CIO

​Our security has always been superior: Amazon CTO

"We can make investments in security that are almost impossible for individual companies to make by themselves." - Werner Vogels
AWS CTO Werner Vogels in Sydney this week

AWS CTO Werner Vogels in Sydney this week

Security of information stored in the public cloud has always been superior to what organisations can achieve on-premise, according to Amazon’s chief technology officer, Werner Vogels.

In an interview with CIO Australia, Vogels, who was in Sydney this week for the AWS Summit, said security will forever be the public cloud giant’s number one priority.

“You can’t be in a consumer business or any business today without making [information] security your number one priority. It will forever be our number one priority to protect our customers whether they are retail customers or cloud customers,” he said.

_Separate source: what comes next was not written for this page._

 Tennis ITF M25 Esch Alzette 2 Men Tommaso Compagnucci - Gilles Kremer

Vogels told CIO Australia that there were myths and FUD [fear, uncertainty and doubt] in the early days “from the traditional players in the market bashing cloud about security not being good enough.”

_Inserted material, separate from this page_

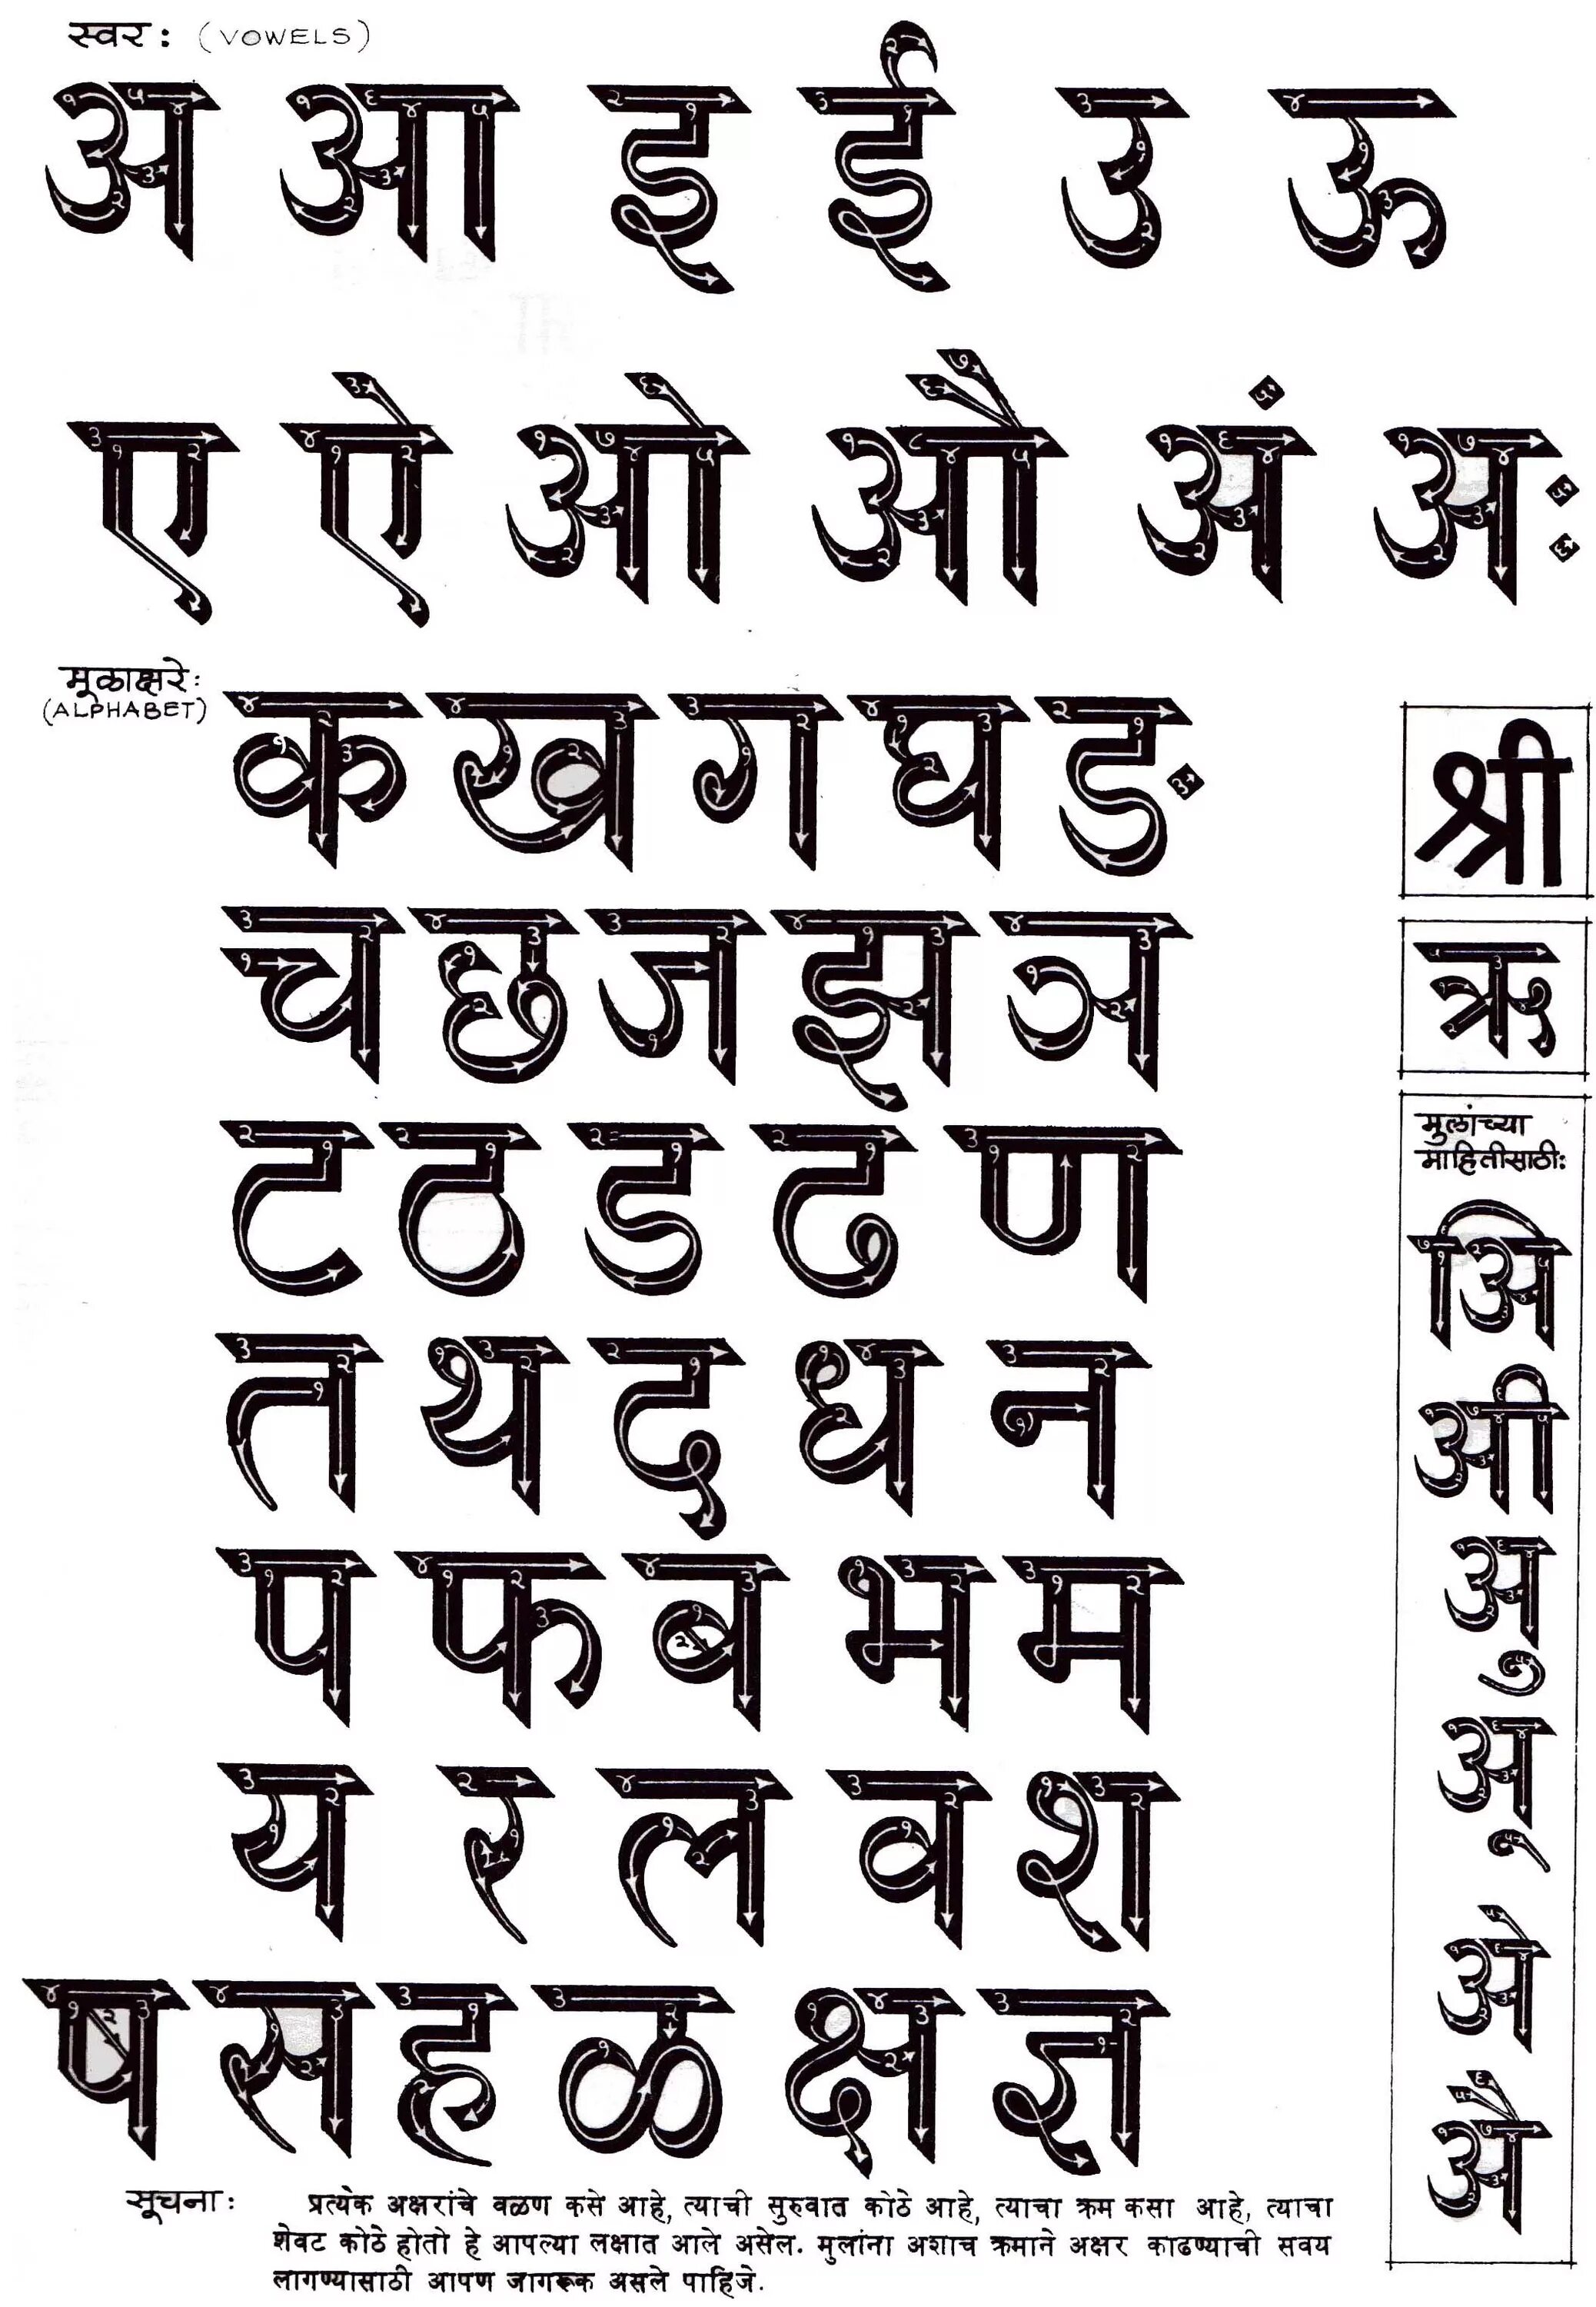 Древний индийский буквы. Алфавит деванагари хинди. Язык санскрит алфавит. Деванагари санскрит. Индийская письменность санскрит.

“In essence, security in the cloud has always been superior to what people can achieve on premise and it’s clear to see there are governments moving, financial services is moving – anybody that has access to any personally identifiable information will put their things in the cloud,” said Vogels.

“From day one, we’ve been enabling encryption in the cloud so customers can encrypt all the data they have, they can manage the keys. And we can make investments in security that are almost impossible for individual companies to make by themselves."

Security is very quickly becoming a major reason why customers are moving over to AWS, he said.

Vogels cited American bank, Capital One, saying one of the financial services firm’s major reasons for moving over to AWS was because they were “getting security at a level with their own investment that would be very hard to manage.”

In Australia, Westpac’s chief information officer, also told CIO earlier this week that he expected the bank to move completely into the public cloud in less than 10 years but needed to overcome regulatory hurdles before reaching that goal.

Still, public cloud uptake across the federal government departments in Australia has been painfully slow. Last month, Angus Taylor, the minister for cities and digital transformation, revealed that only 0.5 per cent of the federal government’s IT spend across all agencies is allocated to purchasing public cloud services.

It’s a figure that Taylor said is “way too low” given that the government spends around $700 million per year buying hardware.

Australian companies, Vault Systems and Sliced Tech, last month became the first cloud providers to have their services approved by the Australian Signals Directorate’s CCSL program for use with classified government information.

Vogels said that regardless of whether company data is stored on-premise or in the public cloud, it should always be encrypted – organisations should have a level of “security hygiene” to protect data and meet regulatory requirements.

“You should have full control over it. It should never be the cloud provider that has full control over your data. It should always be the customer and that’s our position there,” he said.

Vogels said tools like AWS’ Cloud Trail provide compliance and operational and risk auditing capabilities that are unparalleled.

“You don’t have these things on-premise. On-premise you still rely on going through log files and trying to figure out what is happening. In the cloud, in real time, customers can really audit what is happening to their resources and under which conditions.”